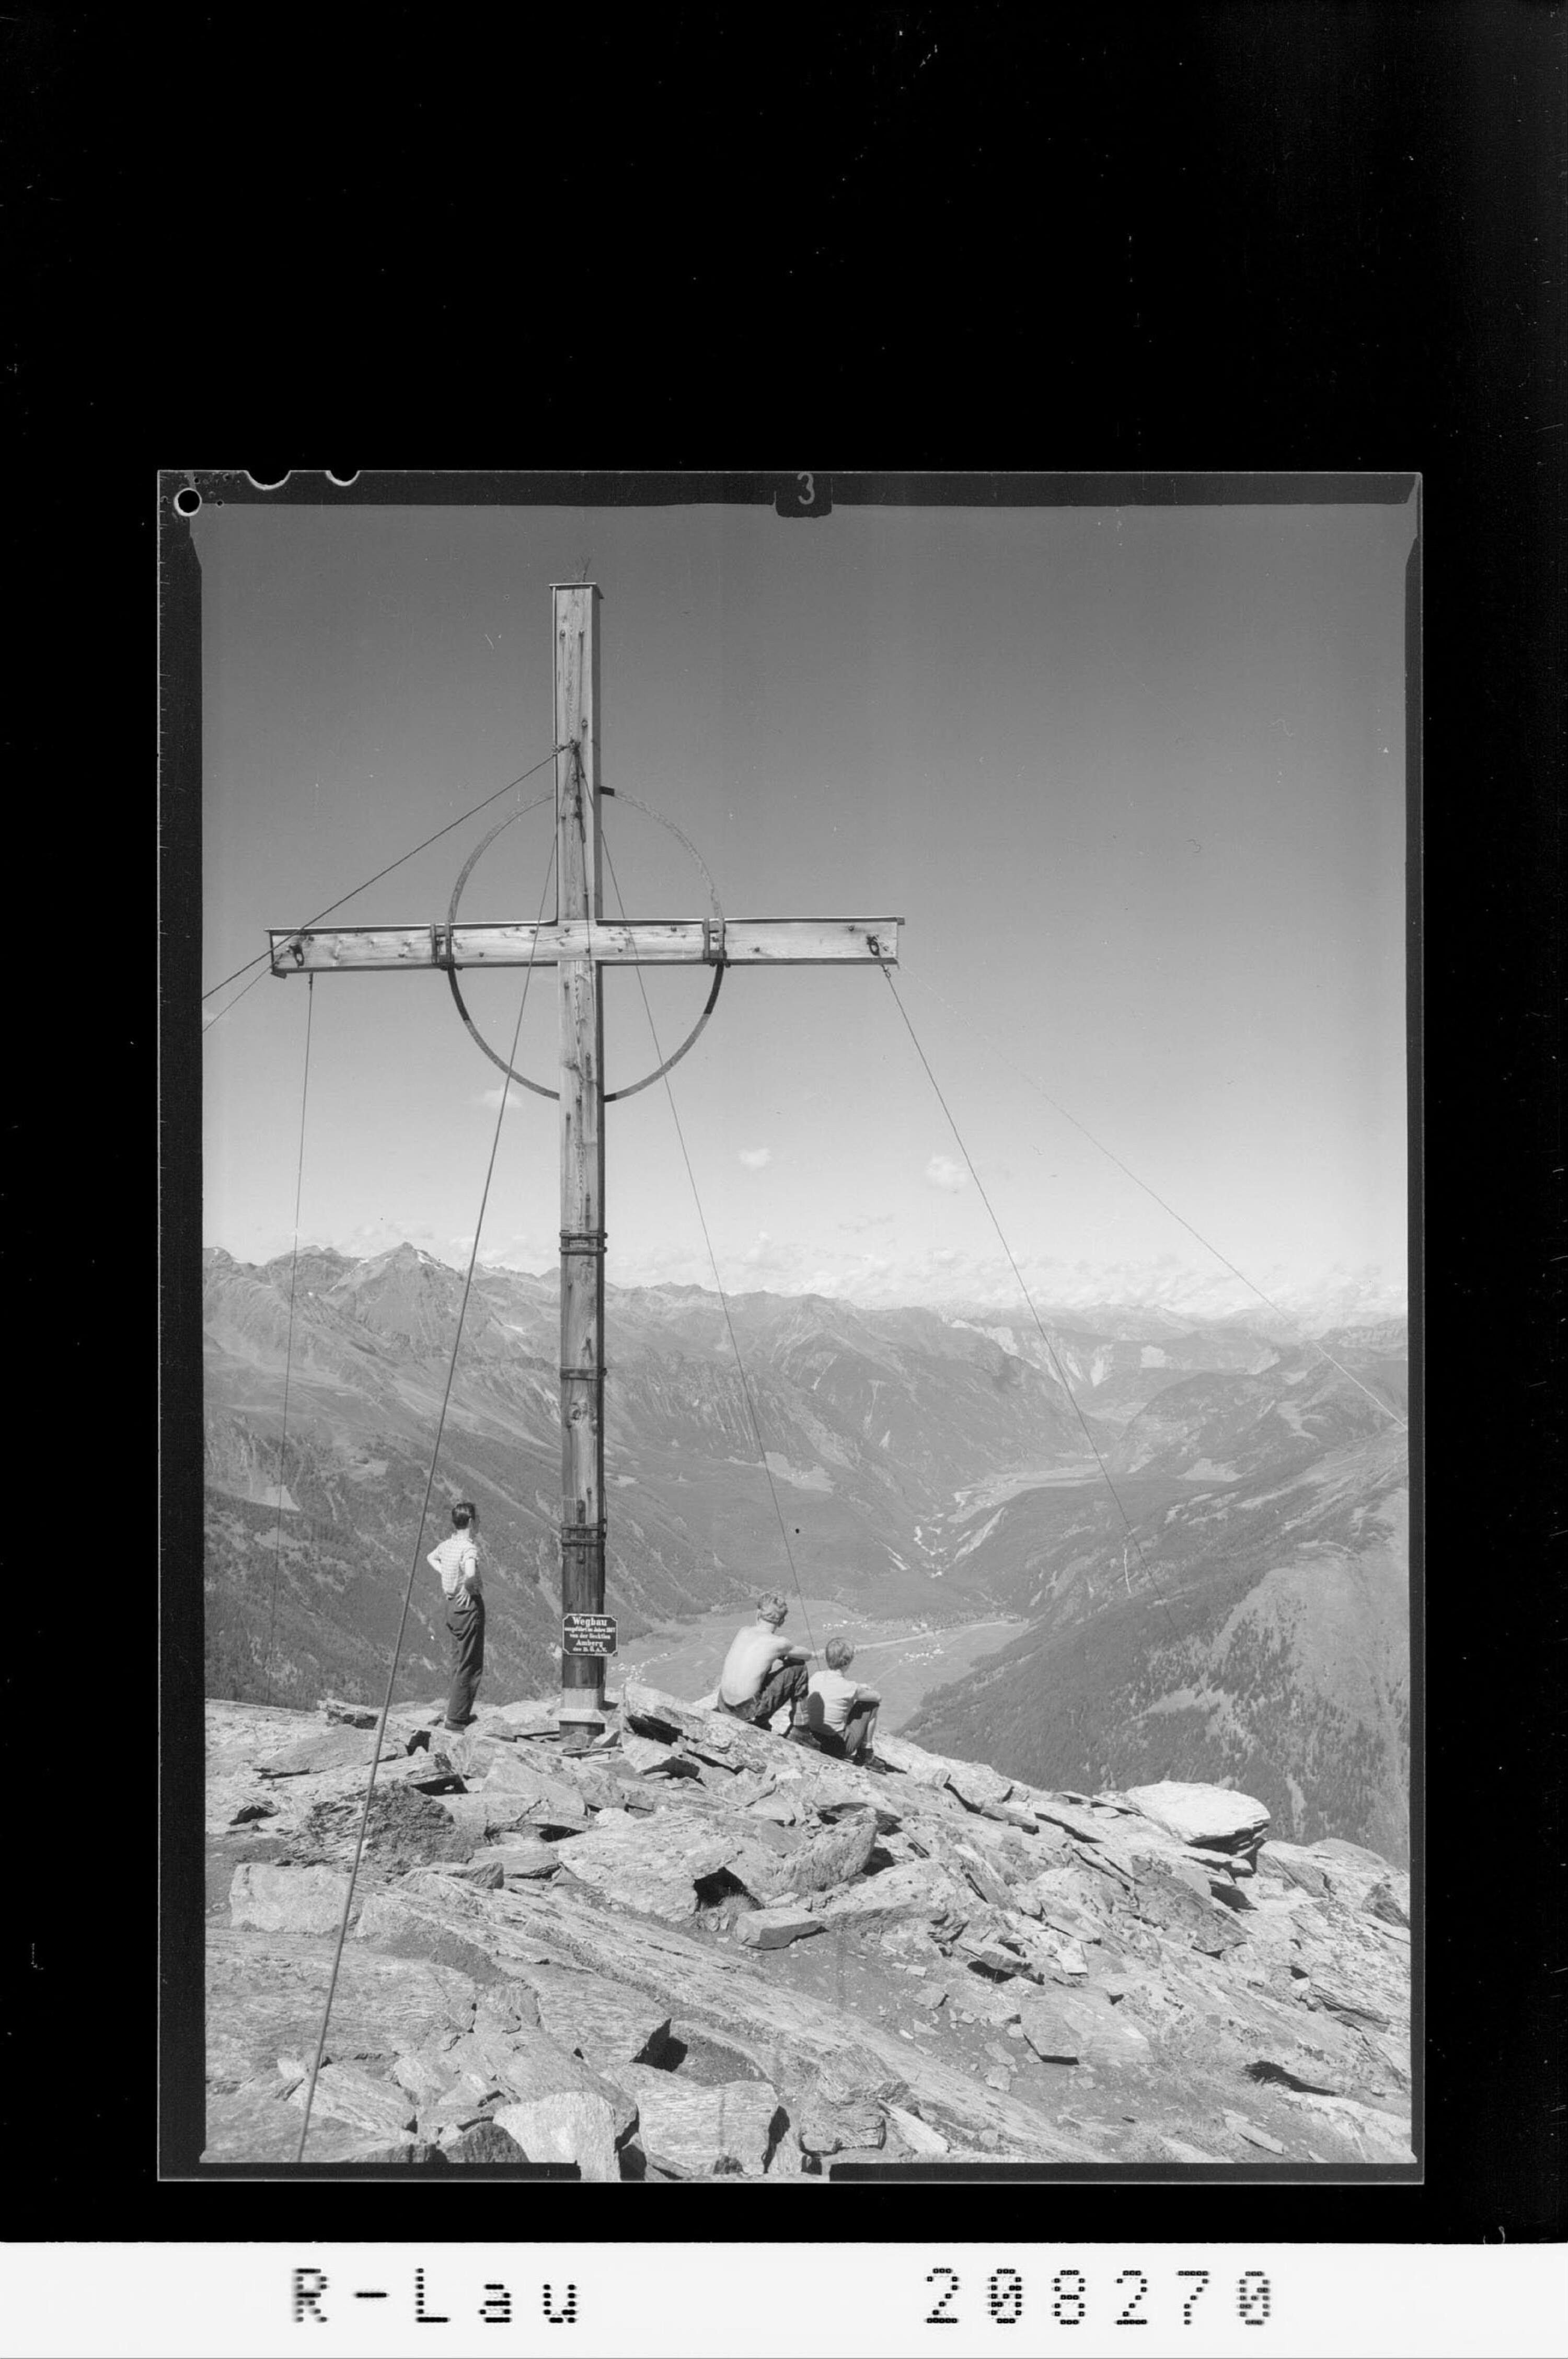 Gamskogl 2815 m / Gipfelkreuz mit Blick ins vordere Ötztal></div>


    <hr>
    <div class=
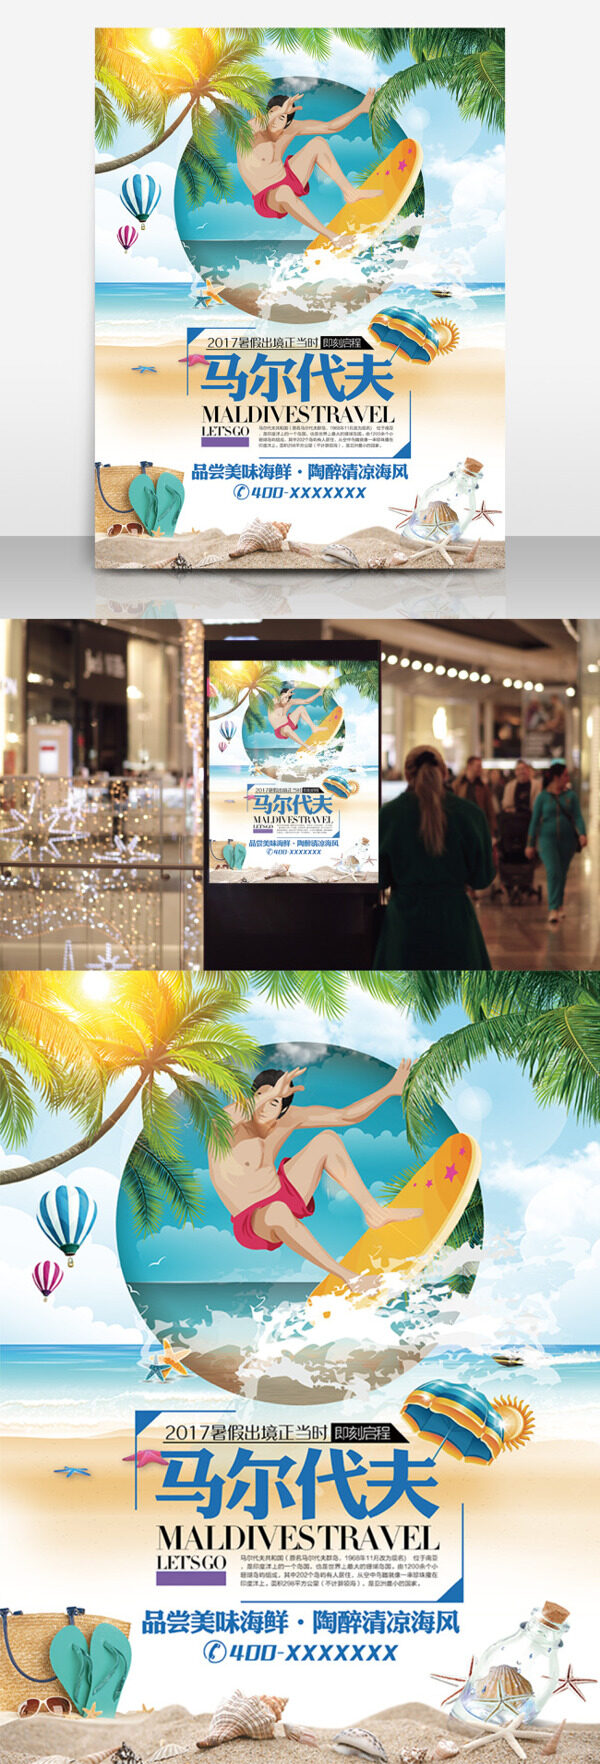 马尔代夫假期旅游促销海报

-- Problem --
A word-for-word copy of the material is required; pictures stay out of it.

-- Answer for the task --
 Gamskogl 2815 m / Gipfelkreuz mit Blick ins vordere Ötztal></div>


    <hr>
    <div class=
 马尔代夫假期旅游促销海报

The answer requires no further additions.